Limiting Behavior of High Order Correlations for Simple Random Sampling

TL;DR

This paper investigates the asymptotic behavior of high order correlations in simple random sampling, proving a conjecture about their limiting distribution as the population size grows large.

Contribution

It establishes the limiting behavior of high order correlations in simple random sampling, confirming a previously conjectured asymptotic form.

Findings

High order correlations depend only on the subset size k.

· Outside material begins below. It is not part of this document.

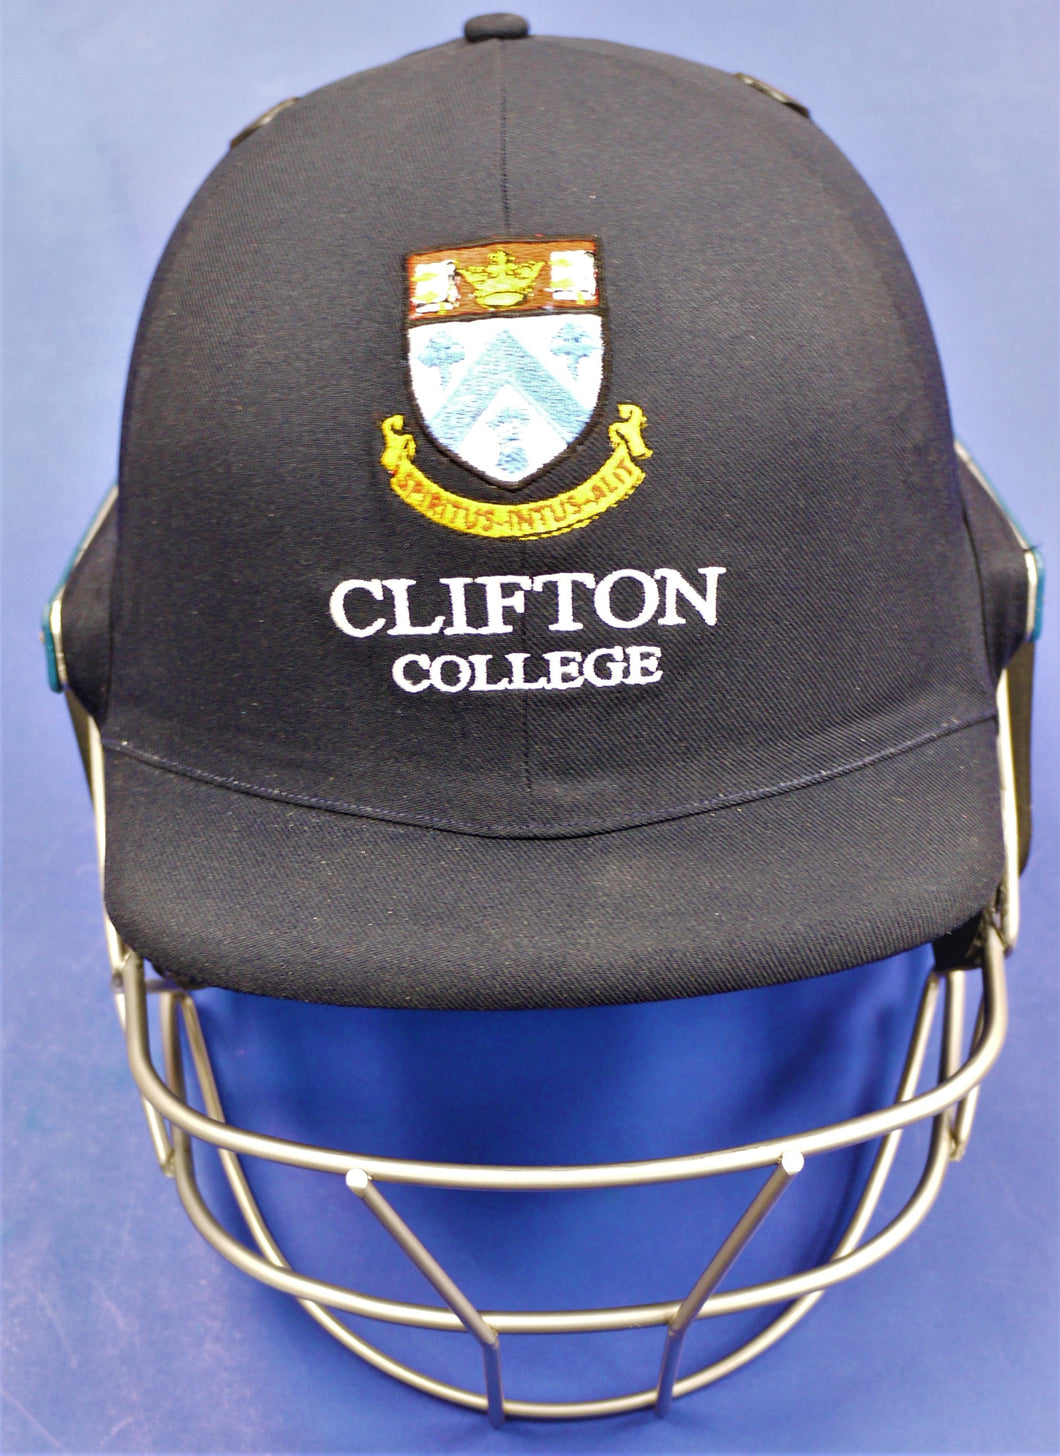 Cricket Helmet With Clifton Crest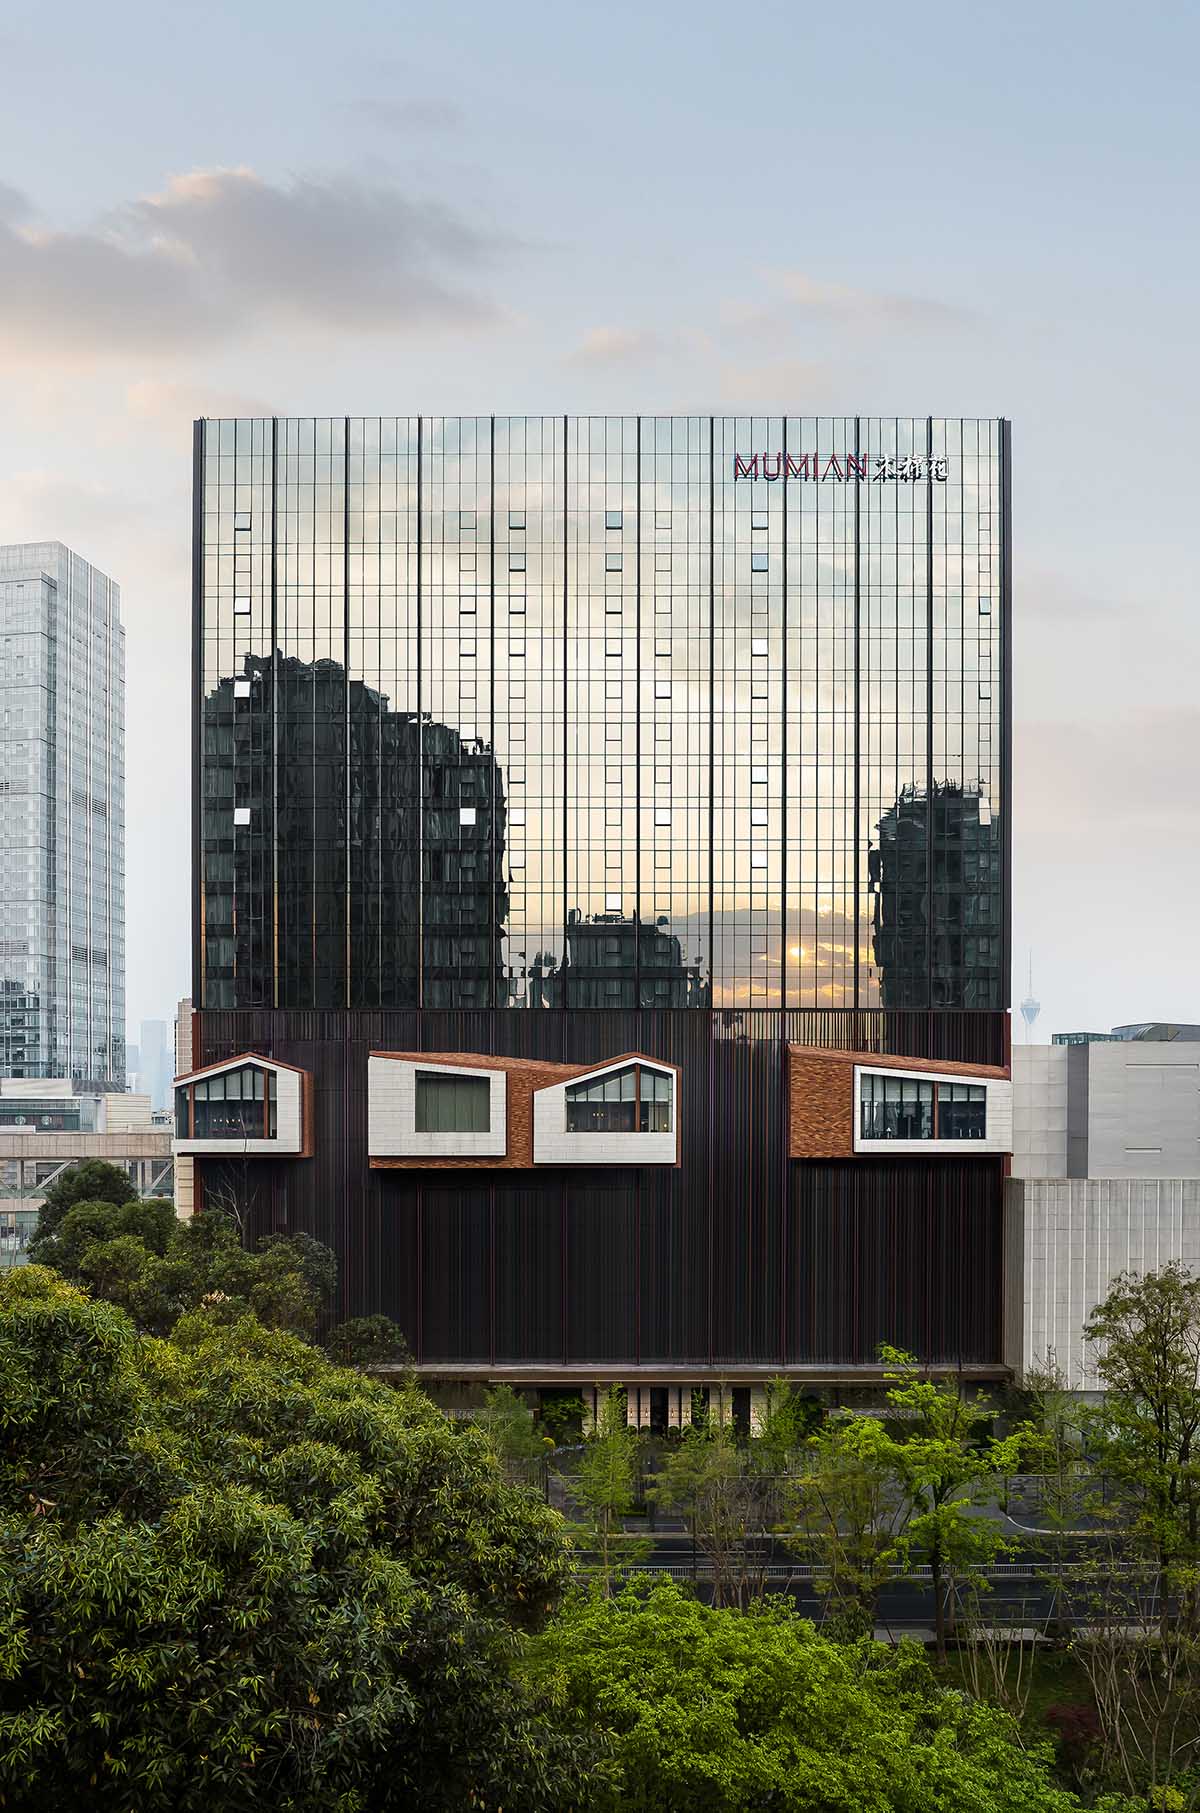 CCD creates interiors for Mumian Chengdu hotel with oriental architectural elements in China

Correlations scale with N^{k/2} or N^{(k+1)/2} depending on parity of k.

Limit distributions involve moments of a standard normal variable.

Abstract

For N=1,2,..., let S_N be a simple random sample of size n=n_N from a population A_N of size N, where 0<=n<=N. Then with f_N=n/N, the sampling fraction, and 1_A the inclusion indicator that A is in S_N, for any H a subset of A_N of size k>= 0, the high order correlations Corr(k) = E (\prod_{A \in H} (1_A-f_N)) depend only on k, and if the sampling fraction f_N -> f as N -> infinity, then N^{k/2}Corr(k) -> [f(f-1)]^{k/2}EZ^k, k even and N^{(k+1)/2}Corr(k) -> [f(f-1)]^{(k-1)/2}(2f-1)(1/3)(k-1)EZ^{k+1}, k odd where Z is a standard normal random variable. This proves a conjecture given in [2].